• _DATASET CONTENT_
*** Begin section ***

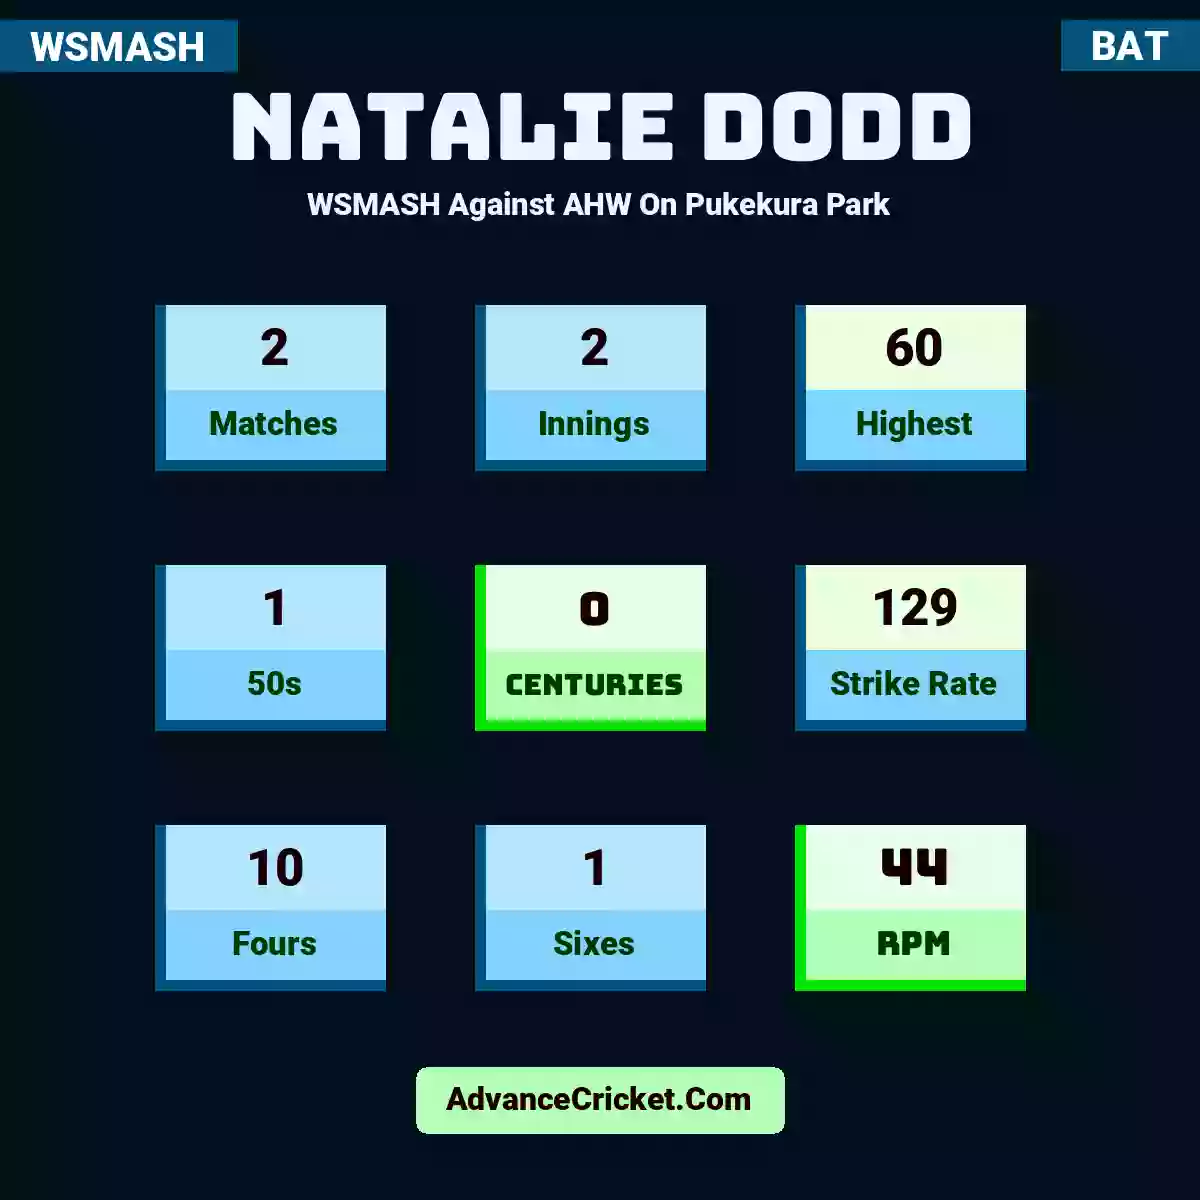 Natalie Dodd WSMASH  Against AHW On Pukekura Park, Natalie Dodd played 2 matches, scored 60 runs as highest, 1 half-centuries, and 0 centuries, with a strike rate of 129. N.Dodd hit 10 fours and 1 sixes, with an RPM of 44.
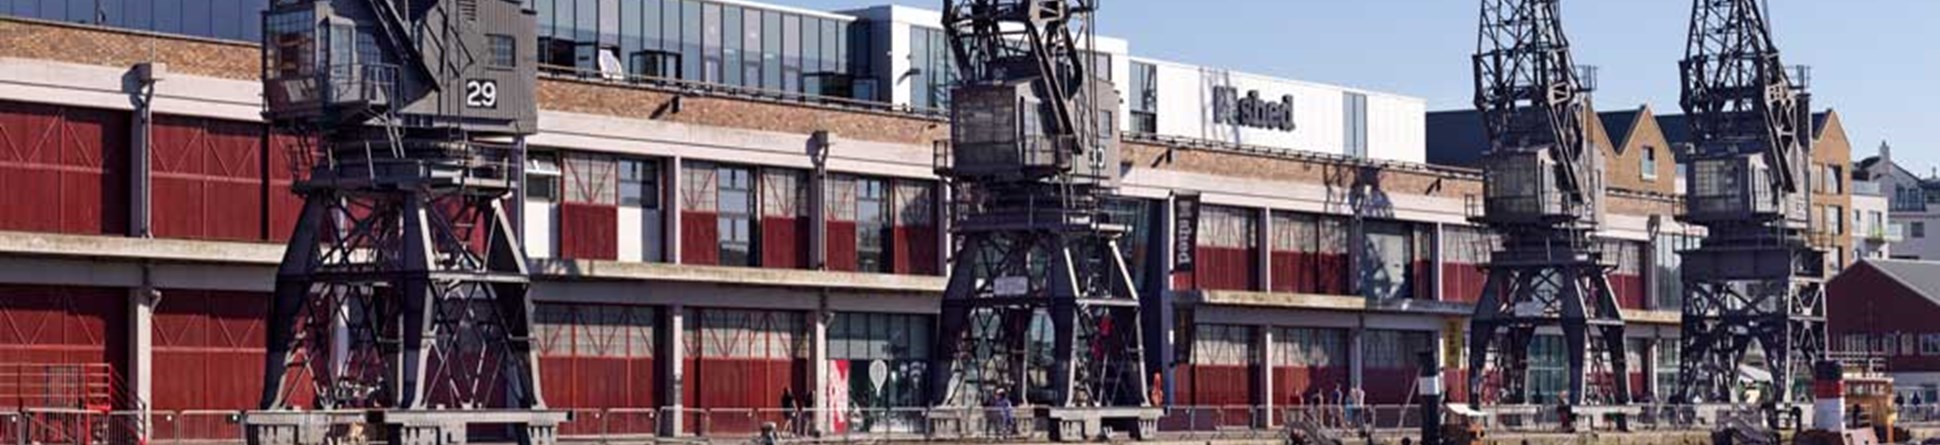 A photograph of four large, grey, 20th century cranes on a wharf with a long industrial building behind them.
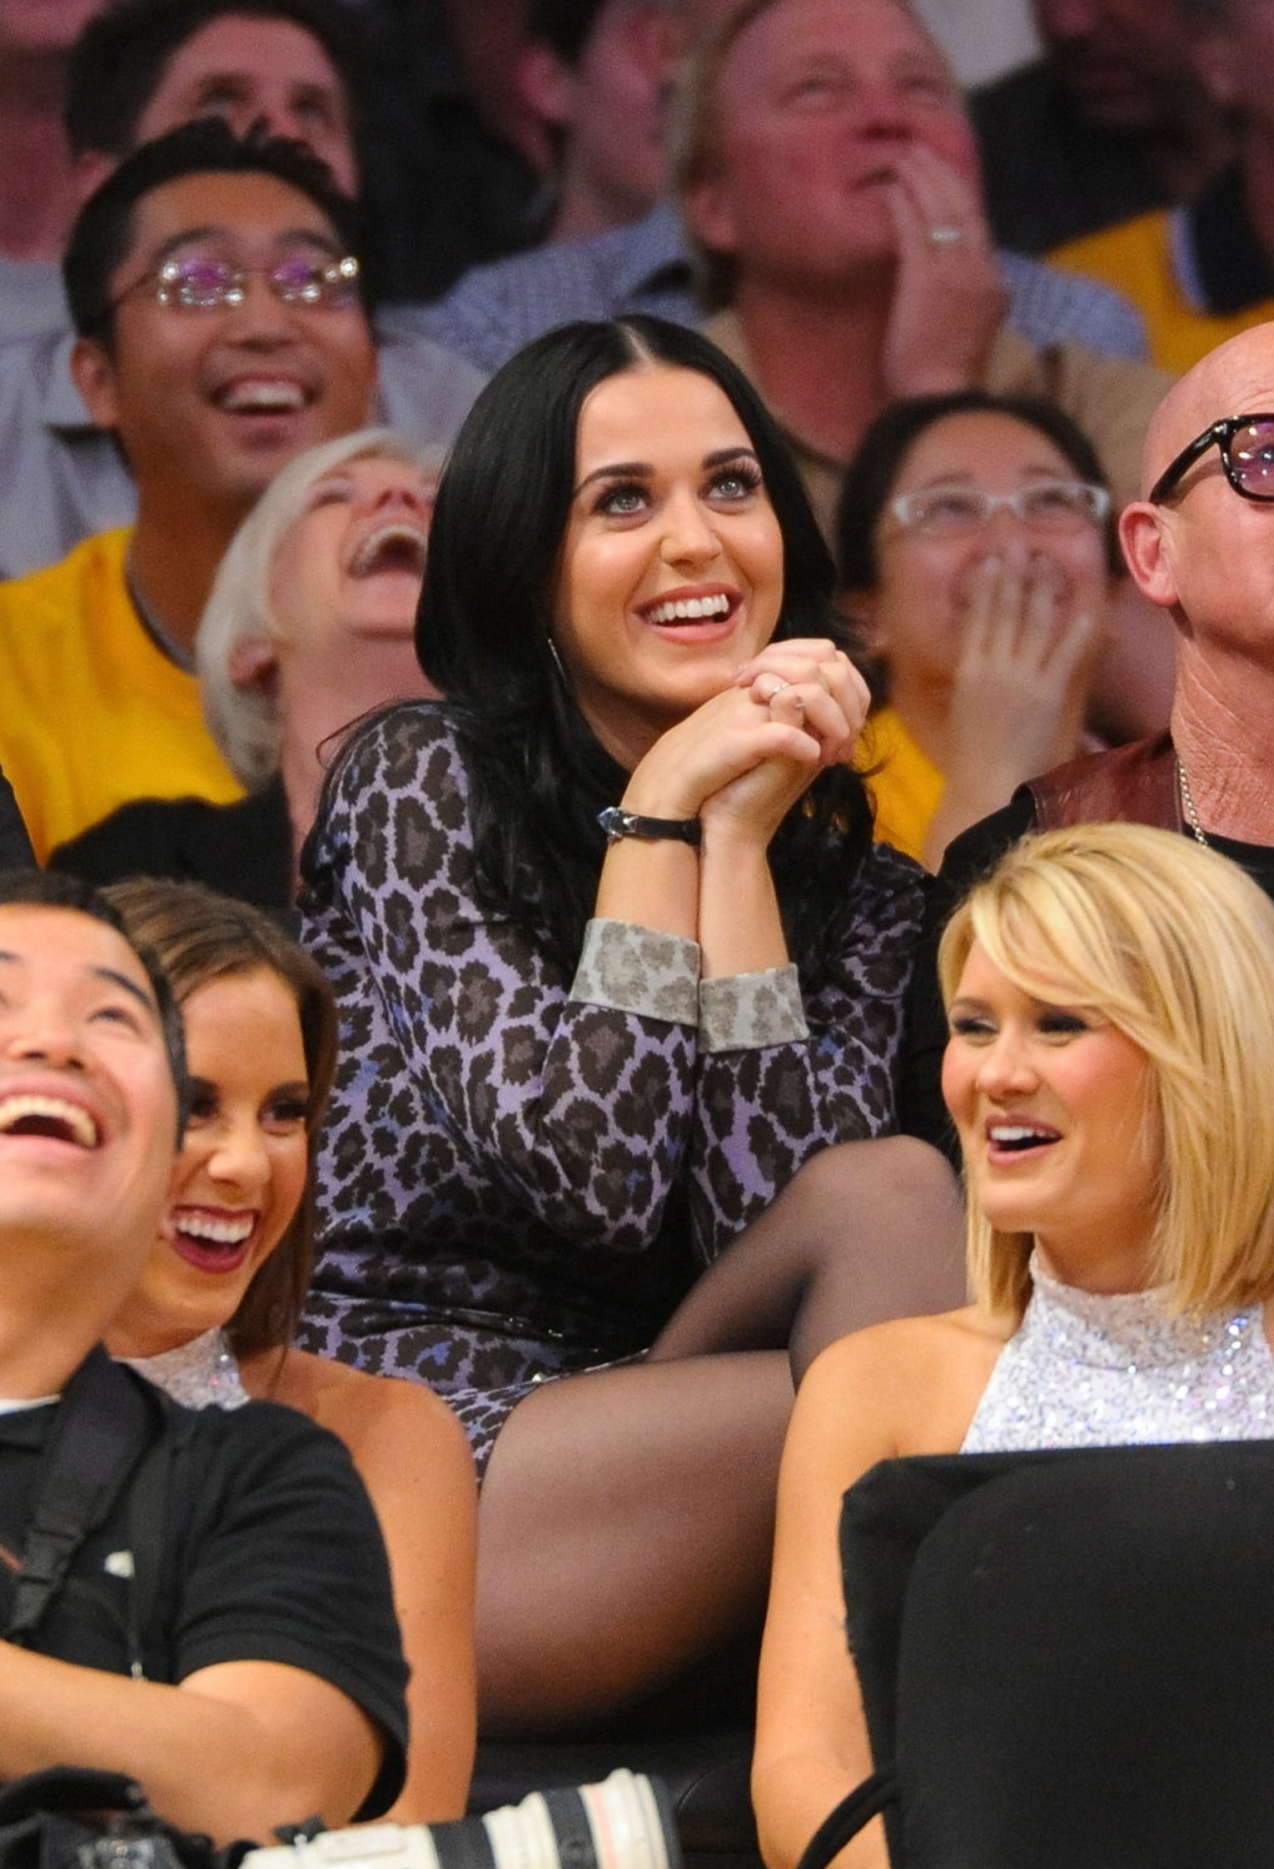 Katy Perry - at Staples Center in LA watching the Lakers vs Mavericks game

*** End section ***

• _PROBLEM STATEMENT_
Please reproduce only the lines from the one holding "A photograph of" through the final line of the listing above, both included, with each picture left out.

• _SOLUTION FOR THIS PROBLEM_
 A photograph of four large, grey, 20th century cranes on a wharf with a long industrial building behind them.
 Katy Perry - at Staples Center in LA watching the Lakers vs Mavericks game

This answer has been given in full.